Blending data - Cloud

Talend Cloud Data Preparation Getting Started Guide

Version
Cloud
Language
English
Product
Talend Cloud
Module
Talend Data Preparation
Content
Data Quality and Preparation > Cleansing data

The lookup feature allows you to take data from an existing dataset and add it to your preparation.

This example assumes that:

  • You have retrieved the states.csv file from the Downloads tab of the documentation page.
  • You have added states.csv to your list of datasets in Talend Cloud Data Preparation. For more information about how to import a dataset, see Opening a dataset from a local file.
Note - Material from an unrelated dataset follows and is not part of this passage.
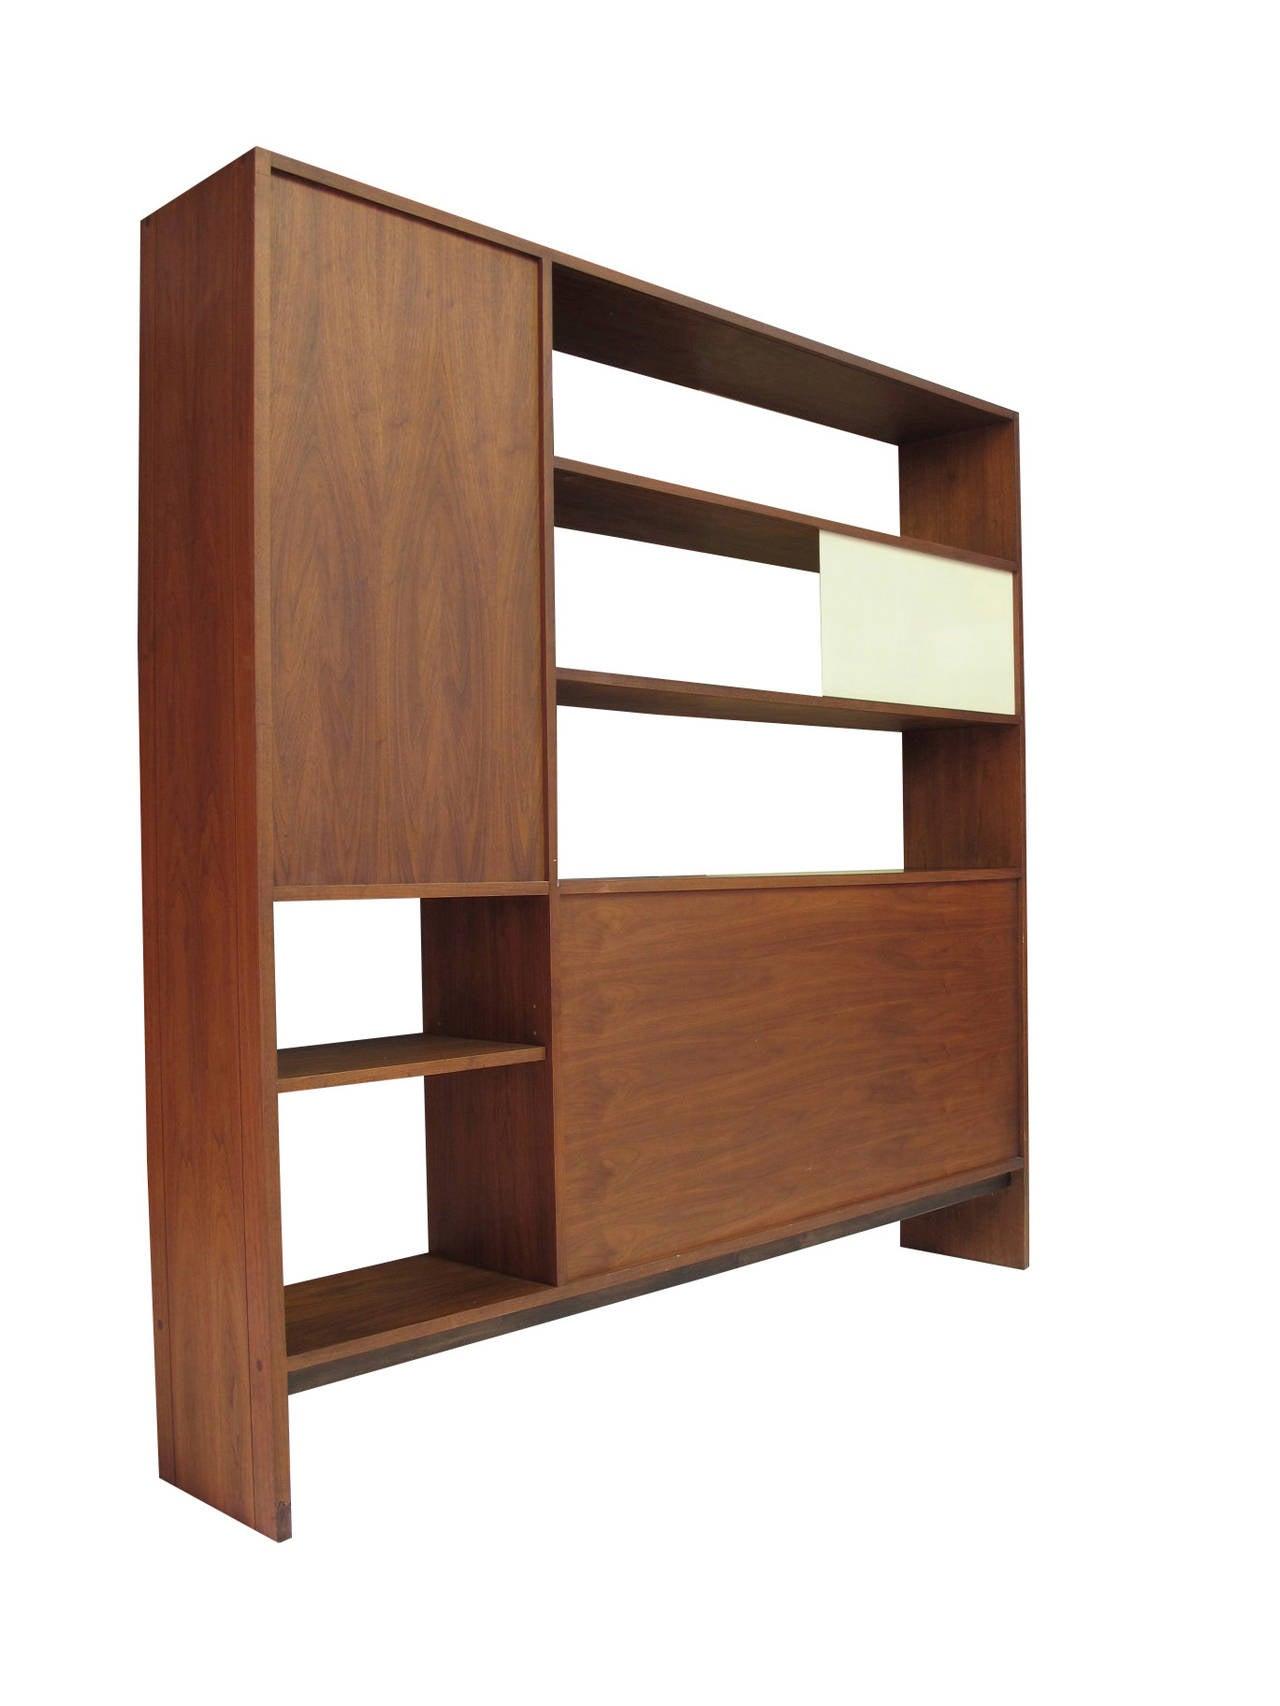 Walnut Room Divider Bookcase At 1stdibs

In this example, you want to add more geographical information on your customers, thanks to a reference file that you possess: the States dataset. This dataset contains the list of the US state codes, and their corresponding region. You will dynamically use the data from this dataset to complement your preparation. This will allow you to add information about each customer's subscription region, based on their state code.

To blend the data from another dataset in your preparation, proceed as follows:

Procedure

  1. Open your preparation.
  2. Click the lookup button in the upper right part of the screen to open the lookup panel.

  3. Click Select dataset to select an existing dataset.
  4. Select the dataset you want to use to perform the lookup, the states dataset in this example.
  5. Click Select.
  6. From the Current preparation and Lookup dataset drop-down list, select the columns matching in your main preparation and your reference dataset, the State and States Code columns in this example.

    In order to perform a lookup, at least one column with matching data must be present in the preparation and dataset that you want to blend, the US state codes in this case.

  7. From the Columns to add drop-down list, select the Region column to add it to the current dataset.

  8. Choose to apply those changes only on the filtered rows or on all of the rows.
  9. Click Submit to apply the changes and add the Region column to your preparation.

Results

Your data now includes a new information about the subscription region of your customer, that you extracted from a reference file.